Indeed few Presidents have been as consistently underestimated as Reagan. He was viewed with considerable disdain by the Washington establishment because he was one of us – a patriotic, genuine man with a moral clarity grounded in Christianity and a deep belief in American exceptionalism. He believed in freedom, lower taxes, smaller and less-intrusive government, a strong defense and traditional American values – all positions that resonate with Joe the Plumber.
The 1970’s were dreadful – a time of rampant inflation, communism on the march, and Jimmy Carter’s incompetent handling of the domestic economy at home and the American hostage situation in Iran. Many Americans lost hope and felt our best years were behind us. Then Ronald Reagan took office in 1981. During his extraordinary eight years in office he revitalized the economy, defeated the Soviet Union without firing a shot, appointed constructionist judges who abide by the Constitution and most importantly, got government off the backs of citizens and revived the American spirit – all while contending with a Democrat controlled House of Representatives.
His economic policies set the stage for a twenty-five year free market expansion – ending price controls, deregulating industries and slashing tax rates. The so-called “misery index” – unemployment plus inflation – had reached 21% by the end of Carter’s term. By the end of the Reagan presidency, it had plunged to around 9%. Americans of ALL economic stripes were better off during this economic renaissance – proving John Kennedy correct when he said; “A rising tide lifts all boats.”
One could argue that Reagan’s triumph in leading the U.S. to victory in the Cold War – the Soviet Union collapsed one year after he left office – was a greater victory than Franklin Roosevelt’s in World War II, because Reagan won the Cold War with half of the American establishment against him. And he did it without any loss of American lives. Incredible indeed.
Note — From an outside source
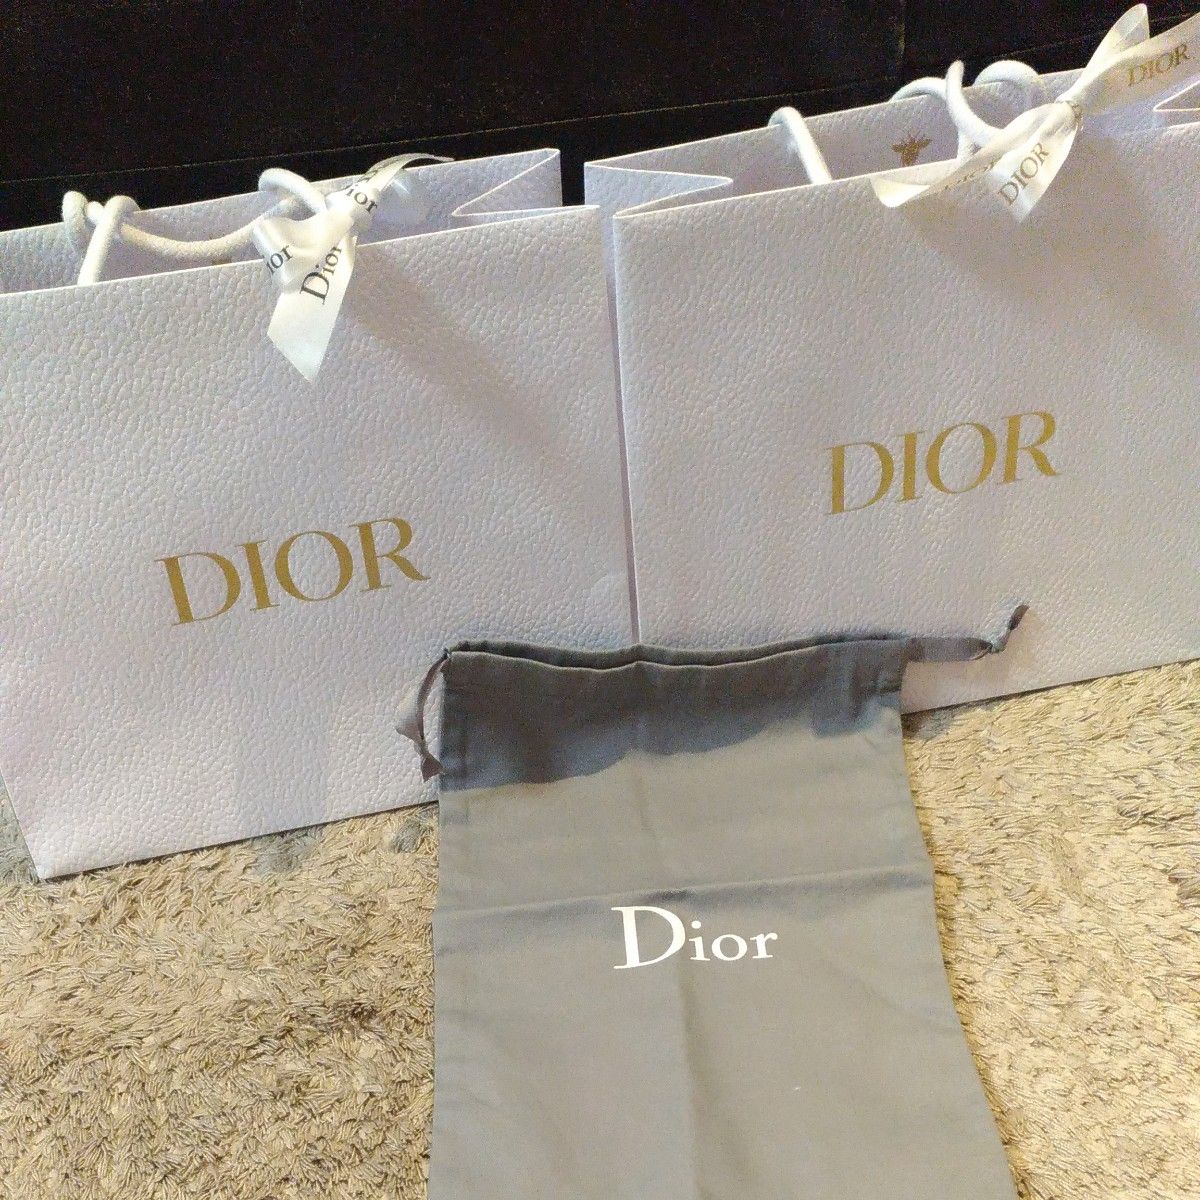 Dior ショッパー グレー巾着袋 セット  紙袋 ショップ袋

Reagan also left a lasting mark on the judiciary. He elevated conservative William Rehnquist to Chief Justice and replaced him with Antonin Scalia. He also appointed the first female to the court in conservative Sandra Day O’Connor. By 1988 Reagan had replaced over half of the federal judges with conservative constructionist judges, who interpret the original meaning of the Constitution.
Perhaps Reagan’s greatest accomplishment was assuring us that it was morning again in America – he renewed our faith in America and each other. Reagan truly believed in America and the American people. He understood that the solutions do not lie with government or politicians – rather answers can be found by looking to the American people. As Reagan once said: “You can see heroes every day going in and out of factory gates. Their values sustain our national life.” Reagan didn’t promise to do great things for us. He showed us that great things came from within us. This is truly the essence of Ronald Reagan and his legacy. I miss him.